Gossip icon Liz Smith talked to the stage legend for her column on WowOWow.com.
In the new interview with Smith, Langella reveals he "will be writing his memoirs" soon. To read entire article click here.
His career off-Broadway was launched with an Obie Award in 1965 for his performance in poet-playwright Robert Lowell's The Old Glory: Benito Cereno. His other major off-Broadway productions include Edmond Rostand's Cyrano, Arthur Miller's After the Fall, John Webster's The White Devil, Heinrich von Kleist's The Prince of Homburg, Andre Gide's The Immortalist and Shakespeare's The Tempest.
Langella's triumphs on Broadway include Tony Awards for Edward Albee's Seascape, for Turgeneve's Fortune's Fool and last year for his role as President Richard Nixon in the New York production of Frost/Nixon. He was just seen on Broadway in the recent Roundabout Theatre Company production of A Man for All Seasons.
He also received a Tony nomination for his performance in Belber's Match and Hamilton Dean's Dracula and has starred on Broadway in productions of Strindgerg's The Father, Coward's Present Laughter and Design for Living, Shaffer's Amadeus, Rabe's Hurlyburly, Nichols' Passion, Marowitz's Sherlock's Last Case, Gibson's A Cry of Players and Lorca's Yerma among others.
Born in Bayonne, New Jersey, Langella studied acting at Syracuse Universiry before beginning his professional career in New York. He got his first break on screen when he was cast in Frank Perry's 1970 drama Diary of a Mad Housewife, co-starring with Richard Benjamin and Carrie Snodgress. The film earned him a Golden Globe nomination and an award from the National Board of Review for Best Supporting Actor. That same year, he starred in Mel Brooks The Twelve Chairs. A successful remake of Dracula, directed by John Badham, brought him to pop-culture stardom at that decade.

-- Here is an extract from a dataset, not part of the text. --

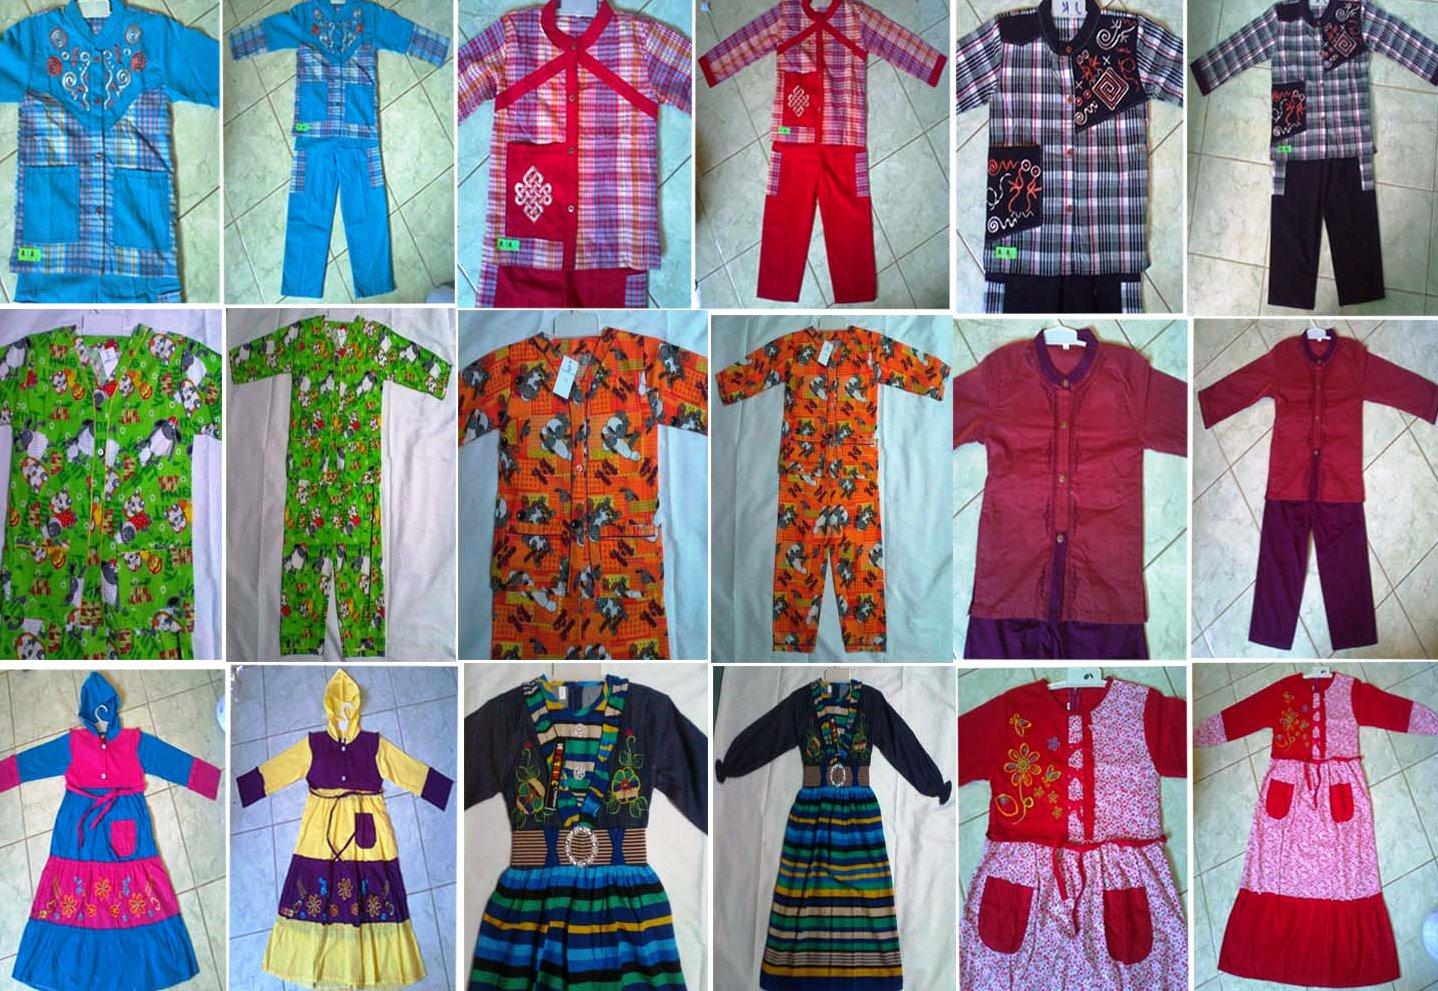 kulakan Baju Murah Meriah grosir baju anak branded,Baju Anak Anak Harga 5000

Some of his other past films are George Clooney's Oscar-nominated Good Night, and Good Luck, the box-office hit Superman Returns and the drama Starting Out in the Evening. He has also starred in Adrian Lyne's controversial Lolita, the hit comedy Dave, Ridley Scott's 1492: Conquest of Paradise, a humorous tribute to summer stock, Those Lips, Those Eyes; the touching drama I'm Losing You; David Duchovny's House of D; and The Ninth Gate, directed by Roman Polanski.
On television, Langella received an Emmy nomination for his work on I, Leonardo: A Journey of the Mind. Other major work on television includes PBS' productions of Eccentricities of a Nightingale and Chekhov's The Seagull; ABC's The Beast; HBO's Doomsday Gun; and Vonnegut's Monkey House for Showtime, which earned him a CableACE Award. He also starred in all 10 episodes of the short-lived but widely praised HBO series Unscripted.
Langella was inducted into the Theatre Hall of Fame in 2003. In addition to his three Tony Awards, he has won five Drama Desks, three Obies, two Outer Critics Circles and a Drama Lauge Award. Several dozen credits in America's leading regional theaters include Hampton's Les Liaisons Dangereuses, Anouilh's Ring Round the Moon, Whiting's The Devils, Bolt's A Man for All Seasons, Lerner & Loewe's My Fair Lady, Shepard's The Tool of Crime and Barker's Scenes From an Execution.